* **PROBLEM STATEMENT**: Take the material below and reproduce, word for word, only the lines from the line with "Crédit immobilier: les" through the line with "Ujjain records 61".
──────── DATASET RECORDS
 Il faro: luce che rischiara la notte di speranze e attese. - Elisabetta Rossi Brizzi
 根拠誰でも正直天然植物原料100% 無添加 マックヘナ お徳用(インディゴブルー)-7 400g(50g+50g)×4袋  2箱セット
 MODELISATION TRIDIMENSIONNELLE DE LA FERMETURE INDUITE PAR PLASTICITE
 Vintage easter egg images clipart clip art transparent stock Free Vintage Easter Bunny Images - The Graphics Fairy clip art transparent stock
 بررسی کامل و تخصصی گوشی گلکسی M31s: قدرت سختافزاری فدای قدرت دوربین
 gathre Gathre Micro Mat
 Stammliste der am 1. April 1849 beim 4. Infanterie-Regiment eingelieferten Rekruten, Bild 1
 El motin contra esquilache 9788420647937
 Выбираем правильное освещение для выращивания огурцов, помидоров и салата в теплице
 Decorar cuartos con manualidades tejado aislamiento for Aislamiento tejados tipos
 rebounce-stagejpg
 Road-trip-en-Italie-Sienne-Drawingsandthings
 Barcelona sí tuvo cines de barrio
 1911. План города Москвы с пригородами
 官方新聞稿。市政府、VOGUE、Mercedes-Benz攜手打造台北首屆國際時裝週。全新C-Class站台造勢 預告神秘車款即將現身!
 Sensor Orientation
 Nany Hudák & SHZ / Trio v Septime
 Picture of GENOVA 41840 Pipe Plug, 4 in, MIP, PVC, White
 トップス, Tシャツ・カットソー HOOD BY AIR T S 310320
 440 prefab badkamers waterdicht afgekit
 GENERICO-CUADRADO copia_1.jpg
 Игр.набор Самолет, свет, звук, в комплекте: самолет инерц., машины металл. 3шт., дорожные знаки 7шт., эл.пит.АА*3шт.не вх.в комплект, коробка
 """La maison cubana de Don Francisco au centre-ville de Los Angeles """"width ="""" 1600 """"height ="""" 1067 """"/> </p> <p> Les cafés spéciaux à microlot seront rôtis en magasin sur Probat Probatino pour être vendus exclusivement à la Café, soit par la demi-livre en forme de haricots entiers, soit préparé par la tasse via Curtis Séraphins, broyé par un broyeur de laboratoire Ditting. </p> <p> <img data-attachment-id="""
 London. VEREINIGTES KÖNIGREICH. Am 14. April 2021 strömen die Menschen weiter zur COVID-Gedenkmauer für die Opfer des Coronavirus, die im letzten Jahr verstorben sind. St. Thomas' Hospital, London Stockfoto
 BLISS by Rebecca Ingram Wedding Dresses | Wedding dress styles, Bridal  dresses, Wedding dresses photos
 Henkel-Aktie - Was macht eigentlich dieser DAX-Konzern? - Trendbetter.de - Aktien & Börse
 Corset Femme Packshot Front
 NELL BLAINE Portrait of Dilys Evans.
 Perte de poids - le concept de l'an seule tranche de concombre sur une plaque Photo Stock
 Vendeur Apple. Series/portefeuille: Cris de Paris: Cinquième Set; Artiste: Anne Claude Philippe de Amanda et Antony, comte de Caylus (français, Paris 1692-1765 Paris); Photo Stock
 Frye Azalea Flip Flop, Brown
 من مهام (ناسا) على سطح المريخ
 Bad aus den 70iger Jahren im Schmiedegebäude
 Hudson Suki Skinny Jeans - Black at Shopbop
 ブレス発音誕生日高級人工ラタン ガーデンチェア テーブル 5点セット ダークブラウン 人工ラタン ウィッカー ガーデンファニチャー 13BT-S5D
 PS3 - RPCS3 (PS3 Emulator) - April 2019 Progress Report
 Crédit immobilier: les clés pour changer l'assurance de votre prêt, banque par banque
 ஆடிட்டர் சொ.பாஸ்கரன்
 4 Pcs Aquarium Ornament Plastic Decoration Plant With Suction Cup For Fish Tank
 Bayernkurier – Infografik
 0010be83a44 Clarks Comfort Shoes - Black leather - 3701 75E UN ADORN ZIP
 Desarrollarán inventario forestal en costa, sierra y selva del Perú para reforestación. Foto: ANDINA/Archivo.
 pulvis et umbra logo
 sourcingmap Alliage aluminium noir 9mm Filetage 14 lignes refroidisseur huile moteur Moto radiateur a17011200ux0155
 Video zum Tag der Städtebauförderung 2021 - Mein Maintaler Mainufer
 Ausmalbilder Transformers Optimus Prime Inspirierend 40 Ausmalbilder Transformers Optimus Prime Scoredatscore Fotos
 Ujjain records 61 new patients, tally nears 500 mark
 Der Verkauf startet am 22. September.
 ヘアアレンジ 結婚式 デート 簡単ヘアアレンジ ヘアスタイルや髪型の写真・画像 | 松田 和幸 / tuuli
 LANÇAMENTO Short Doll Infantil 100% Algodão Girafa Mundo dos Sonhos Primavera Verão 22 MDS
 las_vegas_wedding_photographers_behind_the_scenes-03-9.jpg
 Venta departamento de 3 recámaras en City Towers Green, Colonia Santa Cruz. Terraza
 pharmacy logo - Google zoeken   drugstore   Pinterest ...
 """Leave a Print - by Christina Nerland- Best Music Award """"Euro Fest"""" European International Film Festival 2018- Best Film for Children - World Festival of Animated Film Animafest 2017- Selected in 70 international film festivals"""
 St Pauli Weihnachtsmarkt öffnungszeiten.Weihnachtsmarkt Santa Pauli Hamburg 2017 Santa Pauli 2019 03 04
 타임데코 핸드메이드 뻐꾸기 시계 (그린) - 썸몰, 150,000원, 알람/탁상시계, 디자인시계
────────────────
* **PROBLEM SOLUTION**:
 Crédit immobilier: les clés pour changer l'assurance de votre prêt, banque par banque
 ஆடிட்டர் சொ.பாஸ்கரன்
 4 Pcs Aquarium Ornament Plastic Decoration Plant With Suction Cup For Fish Tank
 Bayernkurier – Infografik
 0010be83a44 Clarks Comfort Shoes - Black leather - 3701 75E UN ADORN ZIP
 Desarrollarán inventario forestal en costa, sierra y selva del Perú para reforestación. Foto: ANDINA/Archivo.
 pulvis et umbra logo
 sourcingmap Alliage aluminium noir 9mm Filetage 14 lignes refroidisseur huile moteur Moto radiateur a17011200ux0155
 Video zum Tag der Städtebauförderung 2021 - Mein Maintaler Mainufer
 Ausmalbilder Transformers Optimus Prime Inspirierend 40 Ausmalbilder Transformers Optimus Prime Scoredatscore Fotos
 Ujjain records 61 new patients, tally nears 500 mark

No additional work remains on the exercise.